Original v0.1 → v0.4 milestone roadmap (✅ delivered + extended)¶
v0.1 — First Tokens (DONE → see alpha.2 in production repo)
✅ All 8 bring-up bugs fixed
✅ Build on Jetson (cmake + make)
✅ test_model_load passes with Qwen3-4B Q4_K_M
✅ Generate coherent text
v0.2 — Benchmark Baseline (DONE → alpha.2 baseline established)

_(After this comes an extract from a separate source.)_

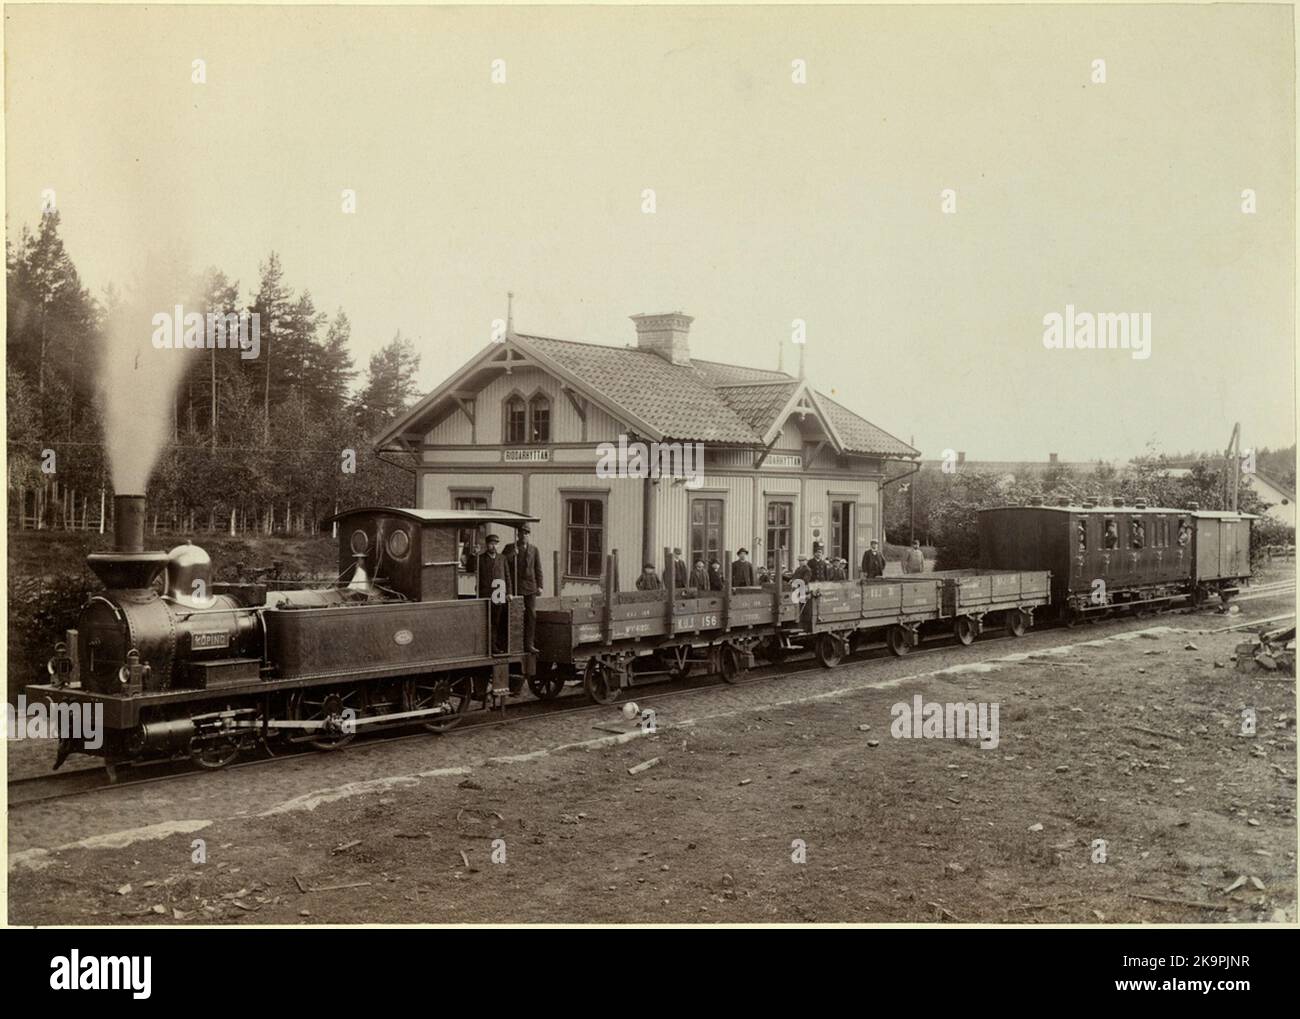 Riddarhyttan old station by train towards Köping. Köping Uttersbergs Railway Kuj Lok 1 'Köping'. The second last wagon is BCO no. 11. Svergie's second bow wedge delivered from Atlas in 1884. Stock Photo

✅ bench.sh produces tok/s numbers
✅ Compared against llama-bench (17.97 tok/s pp18 baseline)
v0.3 — Performance Target (DONE → exceeded in alpha.8)
✅ >20% faster than stock llama.cpp on decode (decode: parity; prefill: +115%)
✅ CUDA graph replay verified working
□ Memory-stable over 1000+ tokens (soak harness shipped, full run pending — issue #4)
v0.4 — Production Ready (DONE → v1.0.0)
✅ Chat template support + SSE streaming
✅ Multi-turn conversation (Path F persistent KV)
✅ Documented performance table across releases (CHANGELOG.md alpha.2 → v1.0.0)
□ 24-hour stability test (issue #7, scheduled post-v1.0)
License¶
MIT — same as the production repo, on purpose. The runtime is infrastructure that other projects should be able to embed cheaply.